Delusions of Anthropologie

I pull the fluffy, multicolored patchwork duvet cover off of the moss green pillows and imagine how much sweeter my dreams would be if I were snuggled comfortably in that antique brass display bed, clad in a whimsical cream-and-pink striped nightgown. Before I drift off to sleep, I page through Barbara Ireland’s 36 Hours: 125 Weekends in Europe, and plan an overseas getaway with my adoring, slightly scruffy boyfriend.
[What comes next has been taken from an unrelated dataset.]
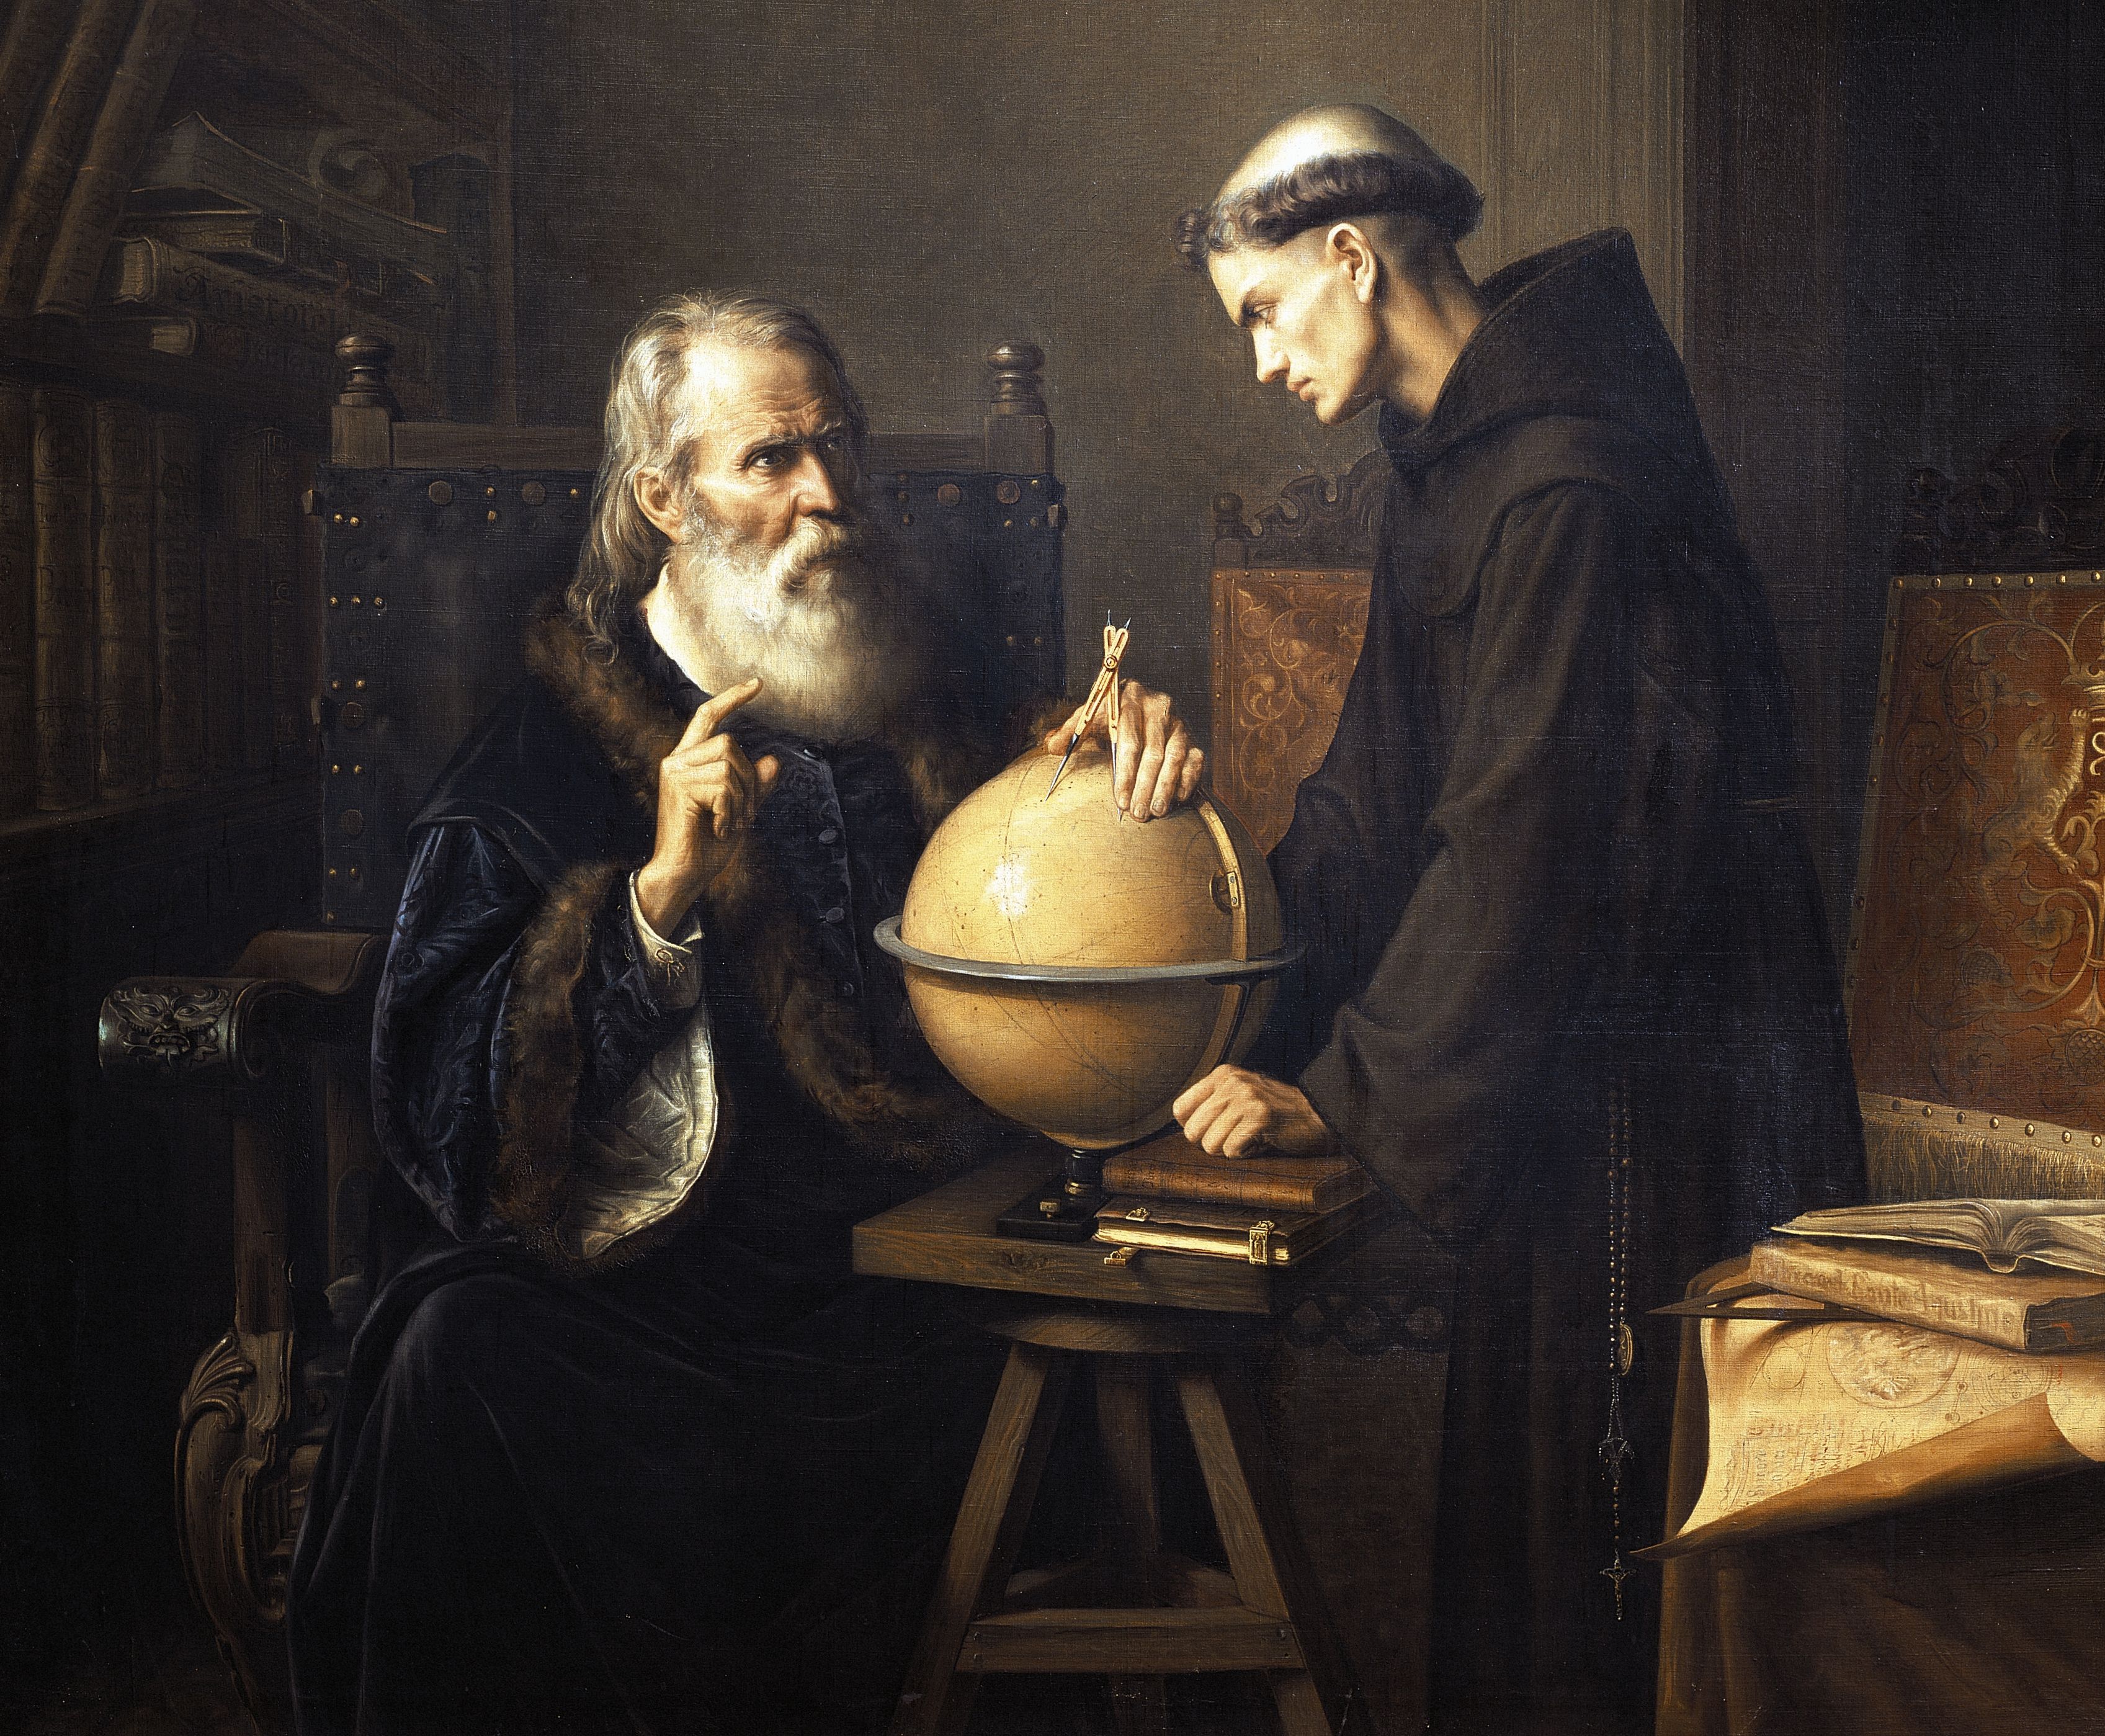 The Genius Quotes of Galileo Galilei

I wake in the morning and sip my French pressed coffee from a monogrammed ceramic mug, as I gaze out of my brownstone window at the bustling city block below. After a shower, where I try out my new cedar wood-scented goat’s milk soap, I slide open the bedroom closet to reveal a collection of dresses, sweaters, a-line skirts and flowing blouses — all in jewel tones and organized by color. It’s pretty brisk today, so I select a plum shift dress and goldenrod cardigan, accessorizing with a gray scarf, silver charm bracelet and feather drop earrings. I lace up my ankle boots and take one last glance in the mirror, slathering some rosebud salve on my lips and throwing a soft chestnut leather satchel over one shoulder.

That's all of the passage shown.